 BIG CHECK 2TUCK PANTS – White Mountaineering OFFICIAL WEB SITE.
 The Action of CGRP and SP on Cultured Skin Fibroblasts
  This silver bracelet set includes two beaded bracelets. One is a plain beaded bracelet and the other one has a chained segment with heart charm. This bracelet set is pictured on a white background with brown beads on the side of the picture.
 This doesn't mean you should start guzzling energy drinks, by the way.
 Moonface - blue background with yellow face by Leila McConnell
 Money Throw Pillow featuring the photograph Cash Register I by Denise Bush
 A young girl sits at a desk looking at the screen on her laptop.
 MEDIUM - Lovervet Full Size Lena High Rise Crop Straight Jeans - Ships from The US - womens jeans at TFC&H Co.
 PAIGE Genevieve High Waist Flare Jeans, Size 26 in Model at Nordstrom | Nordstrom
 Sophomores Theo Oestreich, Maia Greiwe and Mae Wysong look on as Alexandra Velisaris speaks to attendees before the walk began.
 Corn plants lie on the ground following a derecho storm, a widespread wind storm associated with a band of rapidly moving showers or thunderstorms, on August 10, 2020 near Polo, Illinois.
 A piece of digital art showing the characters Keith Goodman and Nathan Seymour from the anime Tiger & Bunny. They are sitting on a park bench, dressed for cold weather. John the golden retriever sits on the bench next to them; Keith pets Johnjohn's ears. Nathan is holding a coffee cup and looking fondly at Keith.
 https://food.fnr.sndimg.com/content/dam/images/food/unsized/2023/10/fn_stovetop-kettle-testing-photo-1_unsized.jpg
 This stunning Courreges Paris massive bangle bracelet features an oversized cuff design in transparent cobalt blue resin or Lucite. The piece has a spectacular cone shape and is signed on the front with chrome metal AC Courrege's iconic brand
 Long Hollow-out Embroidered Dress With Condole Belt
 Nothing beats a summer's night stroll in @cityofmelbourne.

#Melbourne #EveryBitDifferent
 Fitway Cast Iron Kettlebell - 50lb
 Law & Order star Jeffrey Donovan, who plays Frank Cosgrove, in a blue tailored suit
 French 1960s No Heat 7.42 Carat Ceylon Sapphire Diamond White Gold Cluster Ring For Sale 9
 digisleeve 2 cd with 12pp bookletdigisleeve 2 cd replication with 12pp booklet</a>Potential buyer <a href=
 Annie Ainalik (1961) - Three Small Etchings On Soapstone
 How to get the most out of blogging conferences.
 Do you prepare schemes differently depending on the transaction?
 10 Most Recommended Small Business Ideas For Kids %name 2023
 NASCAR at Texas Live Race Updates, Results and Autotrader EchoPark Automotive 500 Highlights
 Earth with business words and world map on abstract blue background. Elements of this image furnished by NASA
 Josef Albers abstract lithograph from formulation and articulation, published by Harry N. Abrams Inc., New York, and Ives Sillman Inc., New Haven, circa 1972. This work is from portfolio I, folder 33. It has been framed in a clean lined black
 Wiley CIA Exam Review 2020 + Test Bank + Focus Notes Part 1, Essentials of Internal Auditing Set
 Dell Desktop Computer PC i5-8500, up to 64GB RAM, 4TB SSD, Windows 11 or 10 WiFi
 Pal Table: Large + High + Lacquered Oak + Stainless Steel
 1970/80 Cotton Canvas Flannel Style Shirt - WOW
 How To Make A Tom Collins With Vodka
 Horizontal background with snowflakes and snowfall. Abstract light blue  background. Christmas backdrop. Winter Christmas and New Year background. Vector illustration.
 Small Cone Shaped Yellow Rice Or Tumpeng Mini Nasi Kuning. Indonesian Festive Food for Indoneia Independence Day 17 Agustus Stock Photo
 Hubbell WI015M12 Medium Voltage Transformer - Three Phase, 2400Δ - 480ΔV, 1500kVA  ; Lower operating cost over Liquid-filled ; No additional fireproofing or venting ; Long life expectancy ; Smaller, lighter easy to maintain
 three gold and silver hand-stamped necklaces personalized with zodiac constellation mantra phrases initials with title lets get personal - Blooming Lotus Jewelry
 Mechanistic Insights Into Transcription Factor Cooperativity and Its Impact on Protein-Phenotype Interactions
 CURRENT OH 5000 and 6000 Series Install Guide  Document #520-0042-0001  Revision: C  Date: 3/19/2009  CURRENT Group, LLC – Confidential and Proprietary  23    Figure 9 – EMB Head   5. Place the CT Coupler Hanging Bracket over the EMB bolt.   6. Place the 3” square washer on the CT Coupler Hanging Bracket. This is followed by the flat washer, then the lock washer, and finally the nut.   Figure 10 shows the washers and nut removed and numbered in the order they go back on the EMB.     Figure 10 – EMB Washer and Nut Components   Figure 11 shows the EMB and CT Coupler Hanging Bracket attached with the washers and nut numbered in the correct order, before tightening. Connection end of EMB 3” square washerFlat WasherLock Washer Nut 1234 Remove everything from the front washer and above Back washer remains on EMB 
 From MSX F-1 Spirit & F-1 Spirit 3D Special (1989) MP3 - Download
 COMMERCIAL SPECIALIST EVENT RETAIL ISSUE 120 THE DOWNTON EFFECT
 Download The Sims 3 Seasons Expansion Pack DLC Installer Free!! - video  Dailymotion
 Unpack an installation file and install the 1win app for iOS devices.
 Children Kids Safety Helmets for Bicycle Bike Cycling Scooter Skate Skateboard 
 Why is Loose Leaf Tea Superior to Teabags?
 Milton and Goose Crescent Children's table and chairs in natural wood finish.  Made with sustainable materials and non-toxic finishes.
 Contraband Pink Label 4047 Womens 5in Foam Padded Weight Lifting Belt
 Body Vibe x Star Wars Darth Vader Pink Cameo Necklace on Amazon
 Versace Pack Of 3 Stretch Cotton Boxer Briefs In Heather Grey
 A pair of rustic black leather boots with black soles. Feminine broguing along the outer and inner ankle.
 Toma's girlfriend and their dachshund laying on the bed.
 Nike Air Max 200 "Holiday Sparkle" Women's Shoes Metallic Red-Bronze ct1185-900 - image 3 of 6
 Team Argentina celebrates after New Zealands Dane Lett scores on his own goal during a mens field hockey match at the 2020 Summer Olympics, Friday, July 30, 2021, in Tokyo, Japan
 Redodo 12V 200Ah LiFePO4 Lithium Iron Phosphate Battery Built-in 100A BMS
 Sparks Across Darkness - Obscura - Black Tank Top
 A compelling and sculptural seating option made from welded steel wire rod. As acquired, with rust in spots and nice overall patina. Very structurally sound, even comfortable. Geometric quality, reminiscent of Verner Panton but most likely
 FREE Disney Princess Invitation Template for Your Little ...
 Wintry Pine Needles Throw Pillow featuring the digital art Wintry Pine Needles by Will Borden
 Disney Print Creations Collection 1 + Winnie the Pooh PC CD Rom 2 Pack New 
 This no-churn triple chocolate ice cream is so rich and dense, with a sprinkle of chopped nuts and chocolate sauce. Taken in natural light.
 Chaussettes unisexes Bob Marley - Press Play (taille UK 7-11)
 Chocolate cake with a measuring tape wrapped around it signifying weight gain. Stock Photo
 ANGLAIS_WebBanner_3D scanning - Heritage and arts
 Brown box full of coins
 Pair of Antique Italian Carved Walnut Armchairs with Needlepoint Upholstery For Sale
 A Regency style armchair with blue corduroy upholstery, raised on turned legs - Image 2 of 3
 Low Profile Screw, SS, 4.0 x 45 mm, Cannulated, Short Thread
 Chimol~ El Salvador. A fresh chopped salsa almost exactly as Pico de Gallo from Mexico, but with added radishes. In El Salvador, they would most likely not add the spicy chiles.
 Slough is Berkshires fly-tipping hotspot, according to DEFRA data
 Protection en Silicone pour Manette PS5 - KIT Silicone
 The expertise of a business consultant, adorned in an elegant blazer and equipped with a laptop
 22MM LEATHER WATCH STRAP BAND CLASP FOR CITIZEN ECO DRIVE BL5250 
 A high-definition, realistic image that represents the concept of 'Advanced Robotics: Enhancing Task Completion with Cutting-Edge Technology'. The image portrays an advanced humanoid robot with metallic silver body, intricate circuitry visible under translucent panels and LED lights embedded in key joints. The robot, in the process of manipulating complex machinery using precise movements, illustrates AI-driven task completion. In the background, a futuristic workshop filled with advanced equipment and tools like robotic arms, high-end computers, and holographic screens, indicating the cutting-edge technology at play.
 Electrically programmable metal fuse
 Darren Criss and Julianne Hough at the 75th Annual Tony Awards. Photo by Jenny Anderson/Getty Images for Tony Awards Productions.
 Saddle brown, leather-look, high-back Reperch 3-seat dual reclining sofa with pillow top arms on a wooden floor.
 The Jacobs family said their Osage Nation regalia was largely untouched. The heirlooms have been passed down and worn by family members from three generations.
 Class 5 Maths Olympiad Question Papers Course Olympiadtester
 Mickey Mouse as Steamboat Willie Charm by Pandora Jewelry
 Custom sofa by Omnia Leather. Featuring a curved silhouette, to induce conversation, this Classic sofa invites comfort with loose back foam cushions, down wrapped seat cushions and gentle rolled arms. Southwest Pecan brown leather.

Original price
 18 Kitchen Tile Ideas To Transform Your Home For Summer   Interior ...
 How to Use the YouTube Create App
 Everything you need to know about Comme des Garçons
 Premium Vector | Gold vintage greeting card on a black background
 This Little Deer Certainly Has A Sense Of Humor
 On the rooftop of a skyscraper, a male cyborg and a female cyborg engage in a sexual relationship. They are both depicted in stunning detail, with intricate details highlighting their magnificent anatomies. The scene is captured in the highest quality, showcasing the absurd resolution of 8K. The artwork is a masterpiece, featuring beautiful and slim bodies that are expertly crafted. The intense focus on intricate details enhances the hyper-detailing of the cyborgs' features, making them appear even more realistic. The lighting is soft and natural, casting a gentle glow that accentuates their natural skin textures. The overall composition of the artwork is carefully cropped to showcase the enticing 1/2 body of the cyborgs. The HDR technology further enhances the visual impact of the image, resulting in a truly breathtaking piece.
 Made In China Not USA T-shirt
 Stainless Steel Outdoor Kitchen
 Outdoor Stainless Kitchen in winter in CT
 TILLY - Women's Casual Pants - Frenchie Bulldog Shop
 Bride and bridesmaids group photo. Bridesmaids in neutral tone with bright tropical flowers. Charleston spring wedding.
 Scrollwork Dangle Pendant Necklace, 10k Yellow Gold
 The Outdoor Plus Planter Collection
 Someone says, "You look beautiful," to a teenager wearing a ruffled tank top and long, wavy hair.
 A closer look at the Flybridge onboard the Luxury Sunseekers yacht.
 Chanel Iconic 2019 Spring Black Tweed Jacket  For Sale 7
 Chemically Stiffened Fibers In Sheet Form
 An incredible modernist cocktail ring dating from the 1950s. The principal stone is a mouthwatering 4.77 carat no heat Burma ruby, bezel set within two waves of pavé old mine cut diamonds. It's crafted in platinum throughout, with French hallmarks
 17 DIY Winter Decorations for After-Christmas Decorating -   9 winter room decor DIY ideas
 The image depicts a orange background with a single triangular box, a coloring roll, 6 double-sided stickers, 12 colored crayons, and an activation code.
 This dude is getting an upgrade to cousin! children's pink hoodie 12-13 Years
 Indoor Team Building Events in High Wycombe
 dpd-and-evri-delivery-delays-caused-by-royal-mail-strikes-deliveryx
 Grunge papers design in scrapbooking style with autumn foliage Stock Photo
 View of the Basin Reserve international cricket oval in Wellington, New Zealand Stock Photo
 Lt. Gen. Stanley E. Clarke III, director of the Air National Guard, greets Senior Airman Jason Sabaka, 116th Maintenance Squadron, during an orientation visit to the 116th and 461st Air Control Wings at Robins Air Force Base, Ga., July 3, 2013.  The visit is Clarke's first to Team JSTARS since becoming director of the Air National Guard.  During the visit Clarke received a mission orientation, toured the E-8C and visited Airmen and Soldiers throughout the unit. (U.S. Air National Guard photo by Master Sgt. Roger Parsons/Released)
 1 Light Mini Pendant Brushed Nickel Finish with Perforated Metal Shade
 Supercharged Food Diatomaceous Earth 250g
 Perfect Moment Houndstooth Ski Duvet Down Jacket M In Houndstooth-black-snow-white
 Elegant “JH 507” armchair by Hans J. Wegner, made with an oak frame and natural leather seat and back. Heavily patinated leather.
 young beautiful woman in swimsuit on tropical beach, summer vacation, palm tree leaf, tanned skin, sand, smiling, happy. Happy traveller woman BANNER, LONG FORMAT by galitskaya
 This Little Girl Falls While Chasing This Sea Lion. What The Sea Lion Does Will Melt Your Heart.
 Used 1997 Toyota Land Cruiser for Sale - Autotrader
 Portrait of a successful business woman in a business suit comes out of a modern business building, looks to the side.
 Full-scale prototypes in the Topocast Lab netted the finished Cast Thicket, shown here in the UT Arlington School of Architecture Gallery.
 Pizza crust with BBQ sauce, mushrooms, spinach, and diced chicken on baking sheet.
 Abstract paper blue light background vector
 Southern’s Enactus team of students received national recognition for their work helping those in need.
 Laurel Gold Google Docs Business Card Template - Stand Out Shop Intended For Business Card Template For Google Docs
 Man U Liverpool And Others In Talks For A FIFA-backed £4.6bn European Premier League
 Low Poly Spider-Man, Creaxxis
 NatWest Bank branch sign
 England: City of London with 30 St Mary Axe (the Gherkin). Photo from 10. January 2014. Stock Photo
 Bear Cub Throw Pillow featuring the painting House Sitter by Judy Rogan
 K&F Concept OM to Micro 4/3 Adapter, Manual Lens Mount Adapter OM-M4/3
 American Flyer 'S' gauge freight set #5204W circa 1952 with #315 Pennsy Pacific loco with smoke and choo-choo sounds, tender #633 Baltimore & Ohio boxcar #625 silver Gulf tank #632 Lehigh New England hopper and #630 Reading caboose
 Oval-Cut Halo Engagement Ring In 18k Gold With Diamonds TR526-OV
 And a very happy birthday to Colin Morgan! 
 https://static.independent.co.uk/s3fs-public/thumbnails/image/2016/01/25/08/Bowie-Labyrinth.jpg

──────────

-- WORK ITEM --
Starting at the line with "Sparks Across Darkness" and ending at the line with "Slough is Berkshires", print each line of the listing above exactly, with no other lines.

-- YOUR SOLUTION --
 Sparks Across Darkness - Obscura - Black Tank Top
 A compelling and sculptural seating option made from welded steel wire rod. As acquired, with rust in spots and nice overall patina. Very structurally sound, even comfortable. Geometric quality, reminiscent of Verner Panton but most likely
 FREE Disney Princess Invitation Template for Your Little ...
 Wintry Pine Needles Throw Pillow featuring the digital art Wintry Pine Needles by Will Borden
 Disney Print Creations Collection 1 + Winnie the Pooh PC CD Rom 2 Pack New 
 This no-churn triple chocolate ice cream is so rich and dense, with a sprinkle of chopped nuts and chocolate sauce. Taken in natural light.
 Chaussettes unisexes Bob Marley - Press Play (taille UK 7-11)
 Chocolate cake with a measuring tape wrapped around it signifying weight gain. Stock Photo
 ANGLAIS_WebBanner_3D scanning - Heritage and arts
 Brown box full of coins
 Pair of Antique Italian Carved Walnut Armchairs with Needlepoint Upholstery For Sale
 A Regency style armchair with blue corduroy upholstery, raised on turned legs - Image 2 of 3
 Low Profile Screw, SS, 4.0 x 45 mm, Cannulated, Short Thread
 Chimol~ El Salvador. A fresh chopped salsa almost exactly as Pico de Gallo from Mexico, but with added radishes. In El Salvador, they would most likely not add the spicy chiles.
 Slough is Berkshires fly-tipping hotspot, according to DEFRA data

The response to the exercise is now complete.